“There is no risk when God is at your side,” the camerlegno said. “This cause was His.”
“You’re insane!” she seethed.
“Millions were saved.”
“People were killed!”
“Souls were saved.”
“Tell that to my father and Max Kohler!”
“CERN’s arrogance needed to be revealed. A droplet of liquid that can vaporize a half mile? And you call me mad?” The camerlegno felt a rage rising in him. Did they think his was a simple charge? “Those who believe undergo great tests for God! God asked Abraham to sacrifice his child! God commanded Jesus to endure crucifixion! And so we hang the symbol of the crucifix before our eyes-bloody, painful, agonizing-to remind us of evil’s power! To keep our hearts vigilant! The scars on Jesus’ body are a living reminder of the powers of darkness! My scars are a living reminder! Evil lives, but the power of God will overcome!”
His shouts echoed off the back wall of the Sistine Chapel and then a profound silence fell. Time seemed to stop. Michelangelo’s Last Judgment rose ominously behind him . . . Jesus casting sinners into hell. Tears brimmed in Mortati’s eyes.
“What have you done, Carlo?” Mortati asked in a whisper. He closed his eyes, and a tear rolled. “His Holiness?”
A collective sigh of pain went up, as if everyone in the room had forgotten until that very moment. The Pope. Poisoned.
“A vile liar,” the camerlegno said.
Mortati looked shattered. “What do you mean? He was honest! He . . . loved you.”
“And I him.” Oh, how I loved him! But the deceit! The broken vows to God!
The camerlegno knew they did not understand right now, but they would. When he told them, they would see! His Holiness was the most nefarious deceiver the church had ever seen. The camerlegno still remembered that terrible night. He had returned from his trip to CERN with news of Vetra’s Genesis and of antimatter’s horrific power. The camerlegno was certain the Pope would see the perils, but the Holy Father saw only hope in Vetra’s breakthrough. He even suggested the Vatican fund Vetra’s work as a gesture of goodwill toward spiritually based scientific research.

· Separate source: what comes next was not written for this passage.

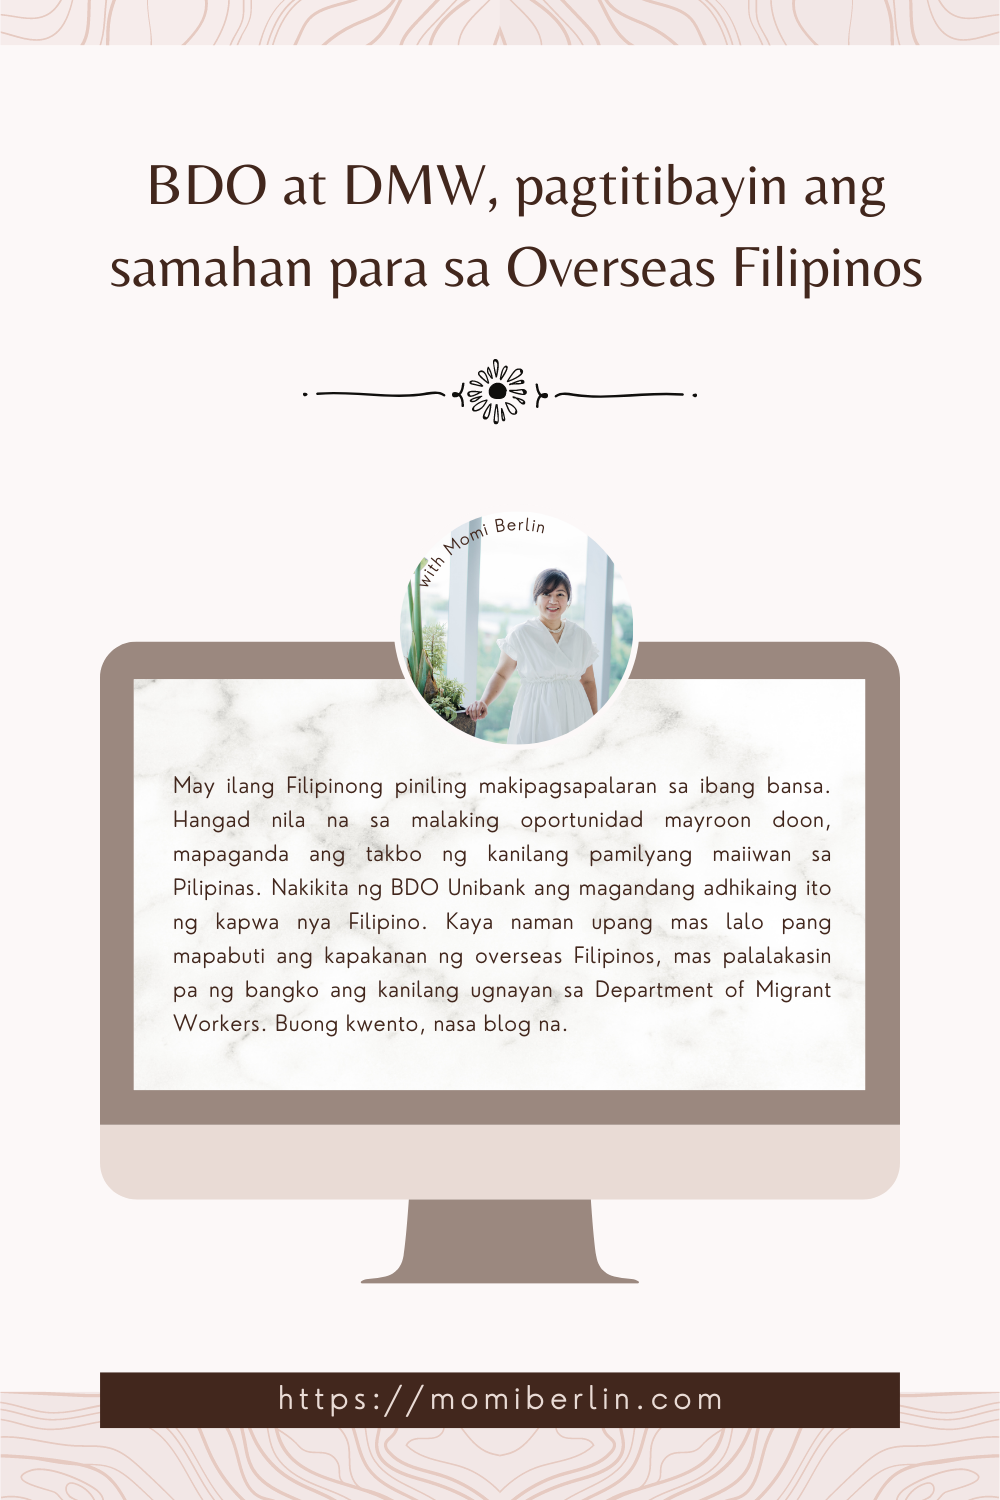 BDO at DMW, pagtitibayin ang samahan para sa Overseas Filipinos

Madness! The church investing in research that threatened to make the church obsolete? Work that spawned weapons of mass destruction? The bomb that had killed his mother . . .

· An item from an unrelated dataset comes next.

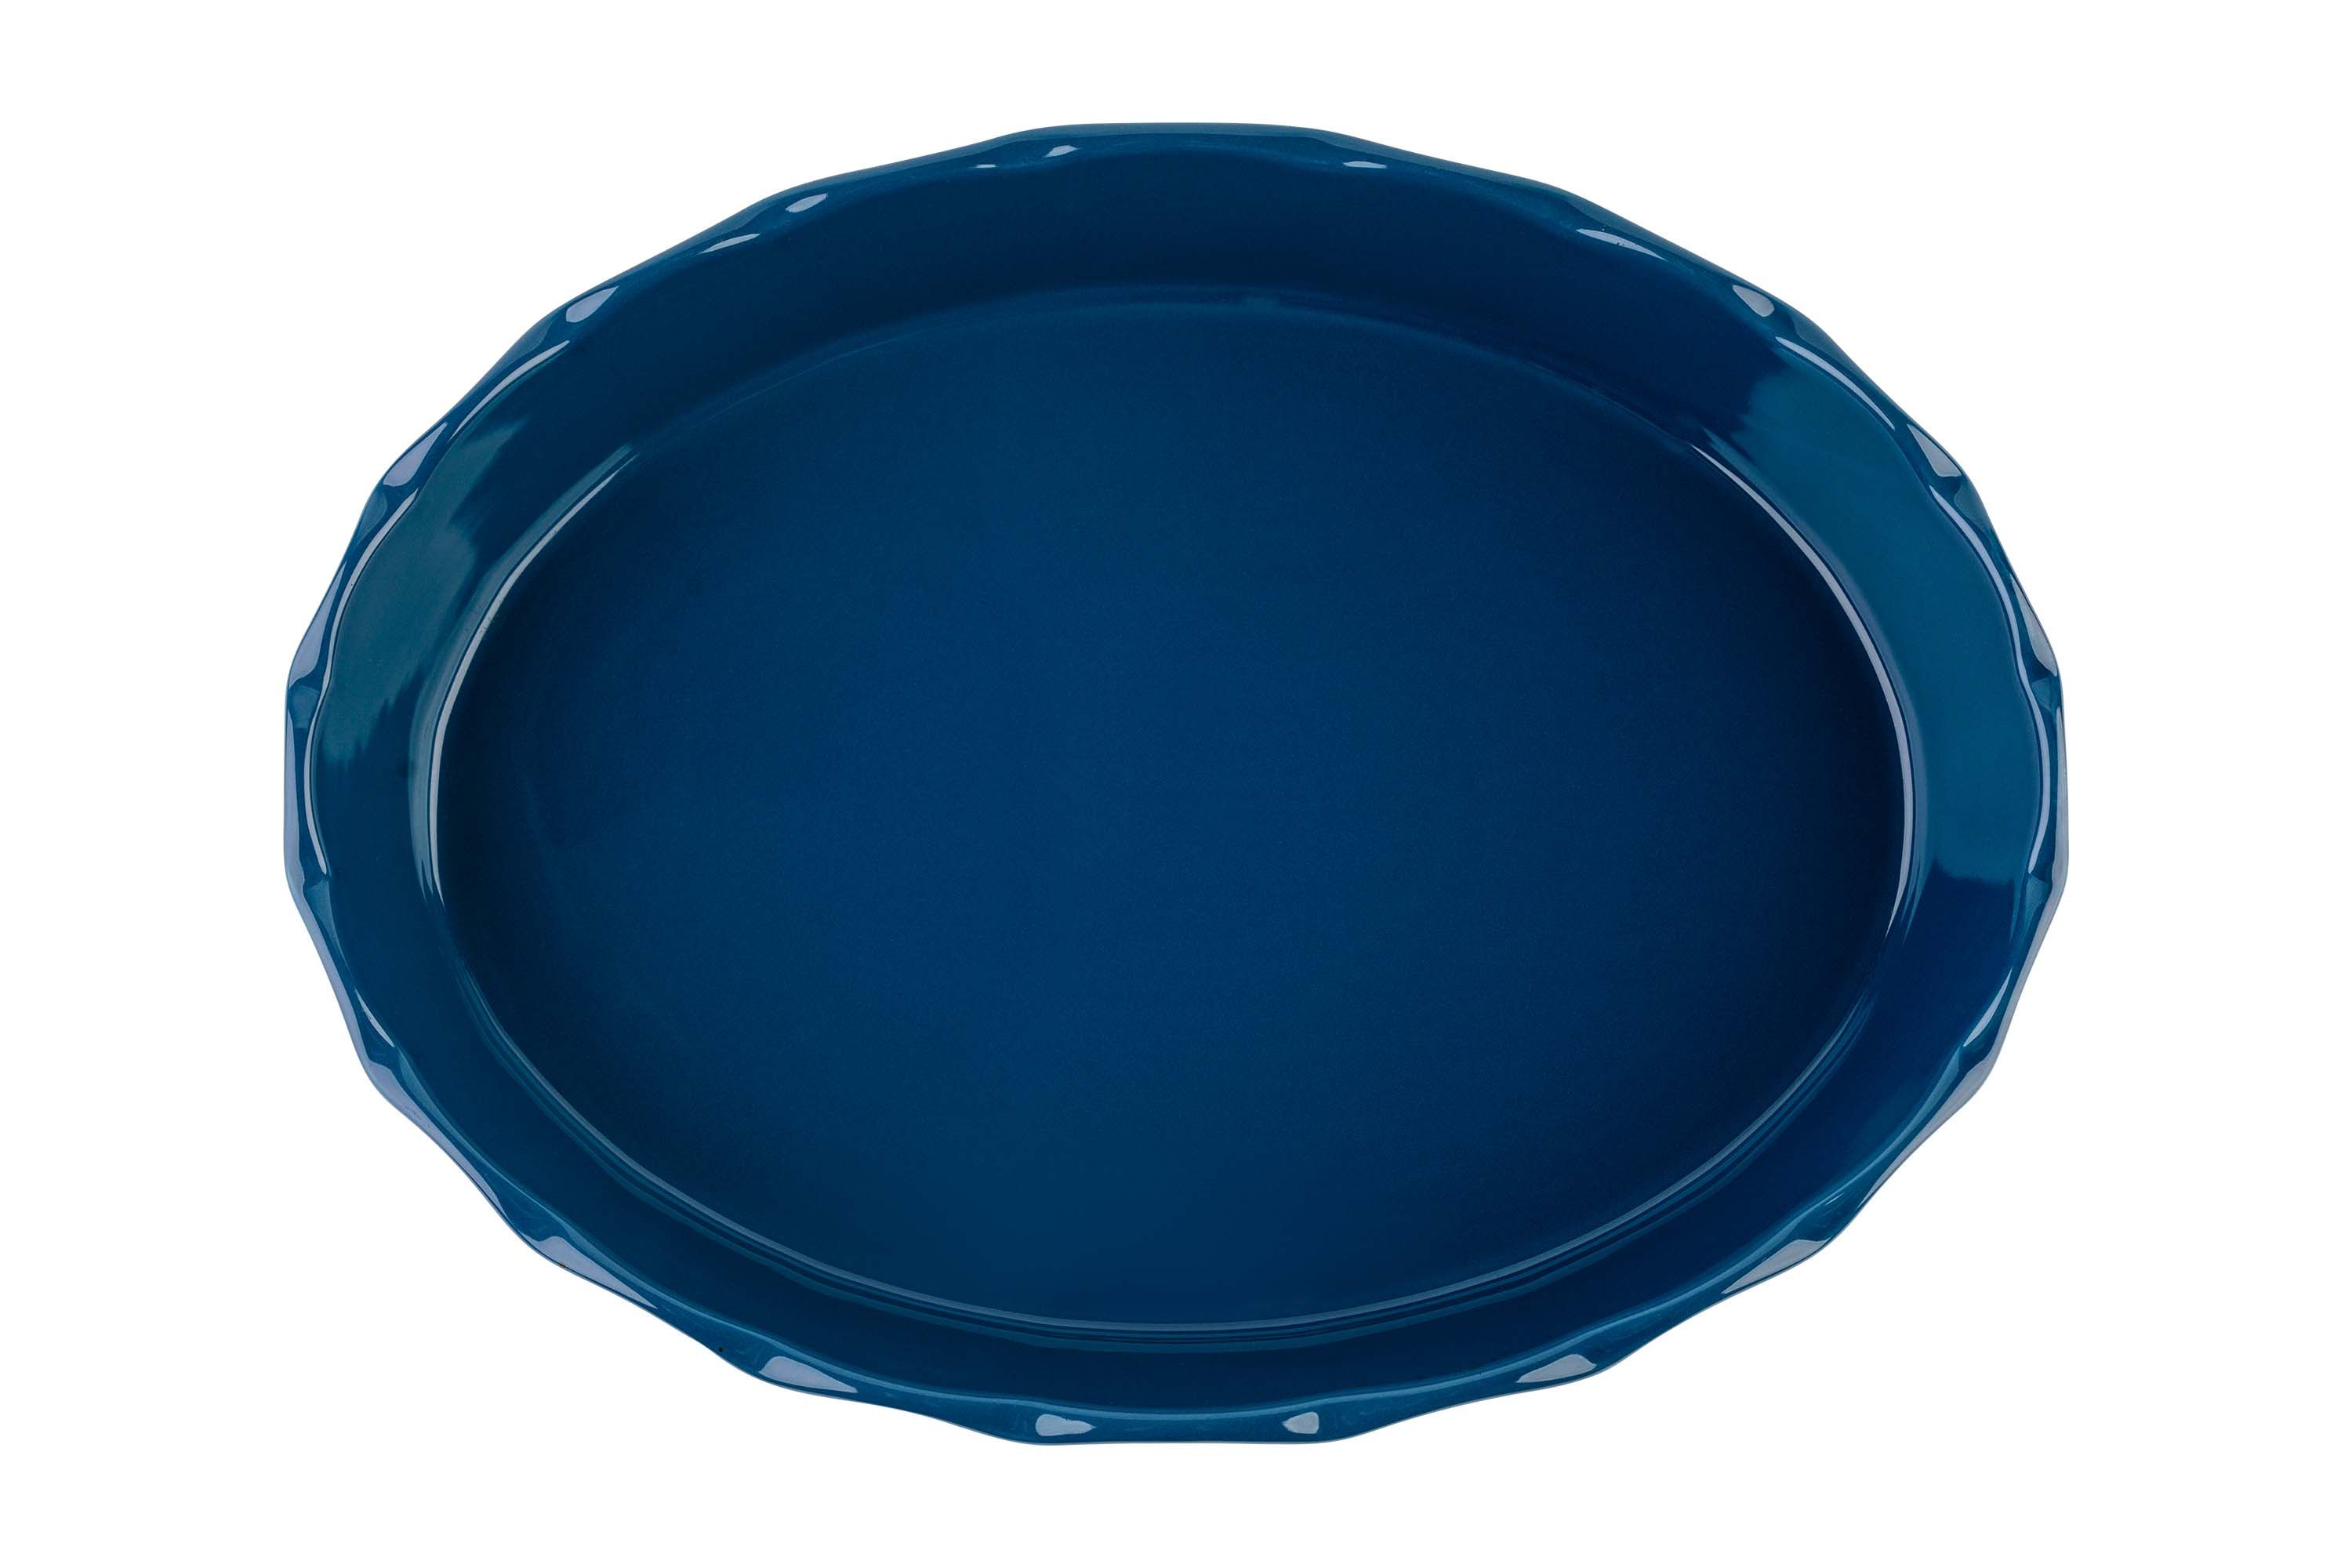 Blick von oben auf die blaue, ovale Stoneware-Ofenform

“But . . . you can’t!” the camerlegno had exclaimed.
“I owe a deep debt to science,” the Pope had replied. “Something I have hidden my entire life. Science gave me a gift when I was a young man. A gift I have never forgotten.”
“I don’t understand. What does science have to offer a man of God?”

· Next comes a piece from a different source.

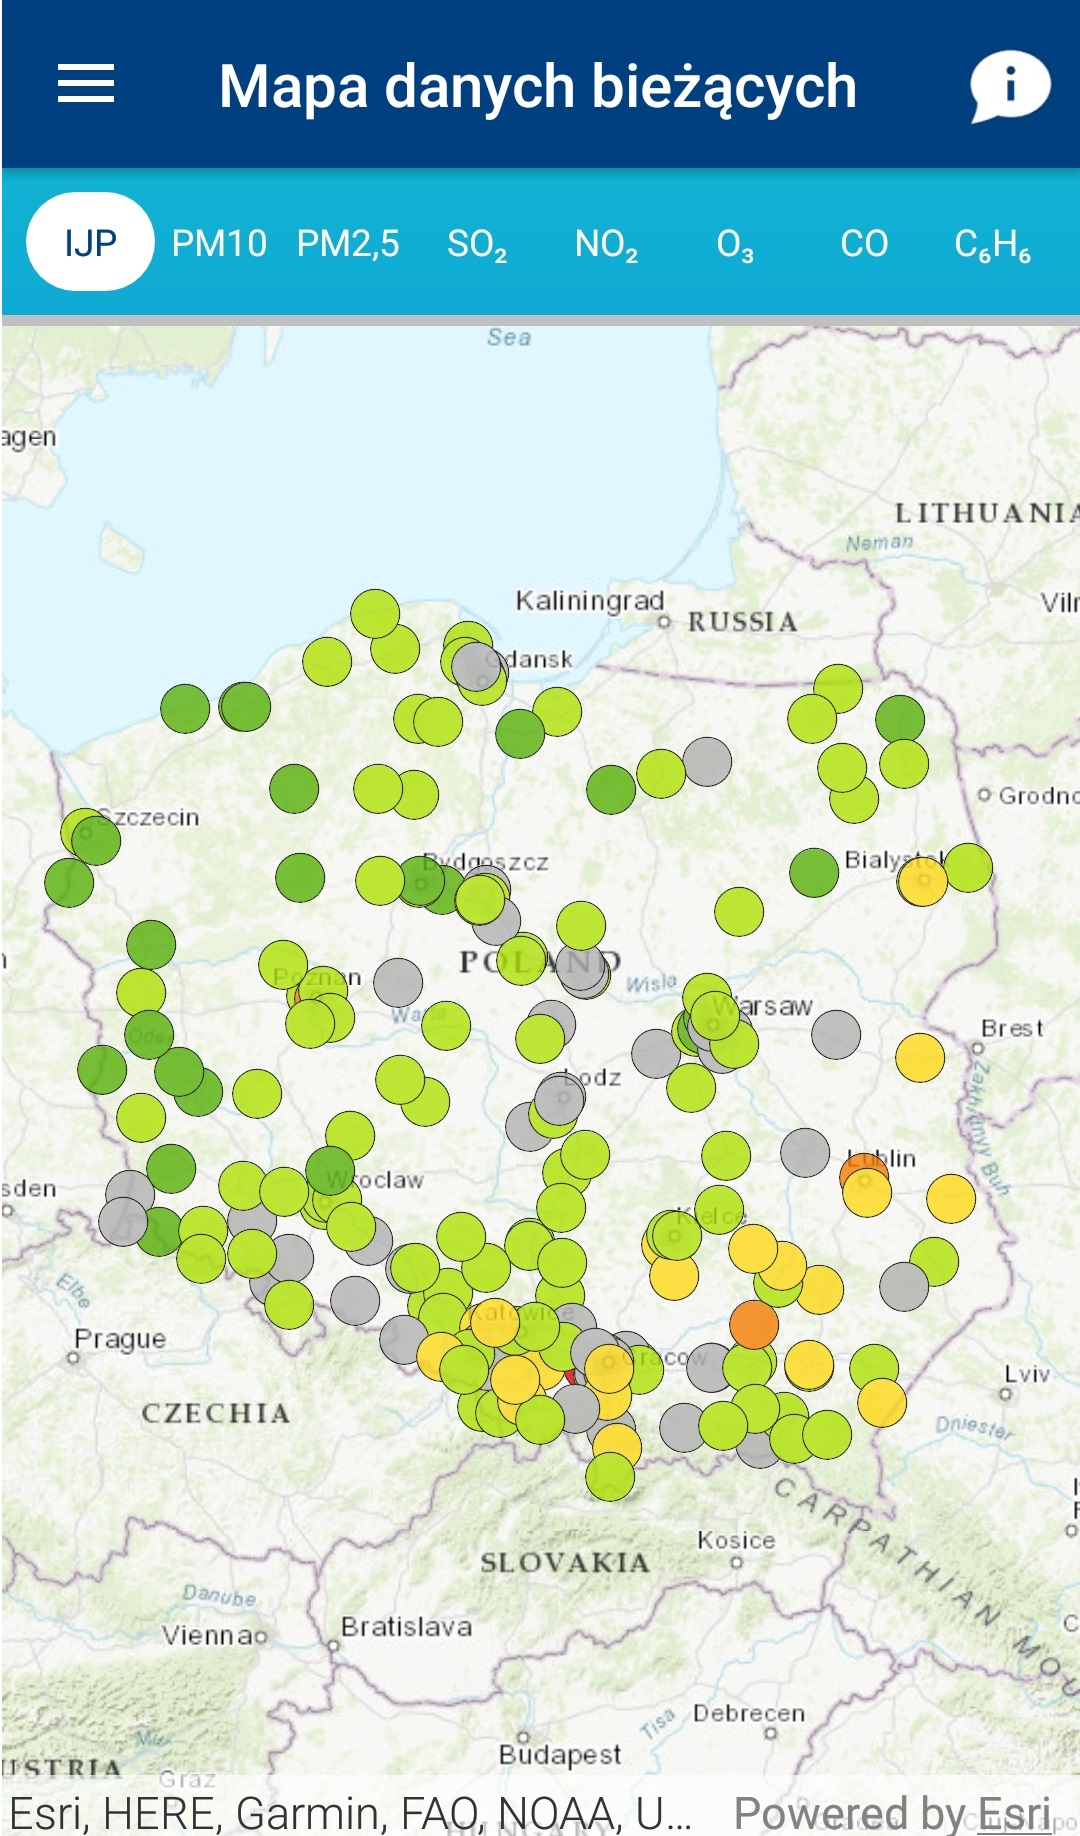 Zdjęcie mapy bieżących danych w aplikacji mobilnej Jakość Powietrza w Polsce

“It is complicated,” the Pope had said. “I will need time to make you understand. But first, there is a simple fact about me that you must know. I have kept it hidden all these years. I believe it is time I told you.”
Then the Pope had told him the astonishing truth.
132
The camerlegno lay curled in a ball on the dirt floor in front of St. Peter’s tomb. The Necropolis was cold, but it helped clot the blood flowing from the wounds he had torn at his own flesh. His Holiness would not find him here. Nobody would find him here . . .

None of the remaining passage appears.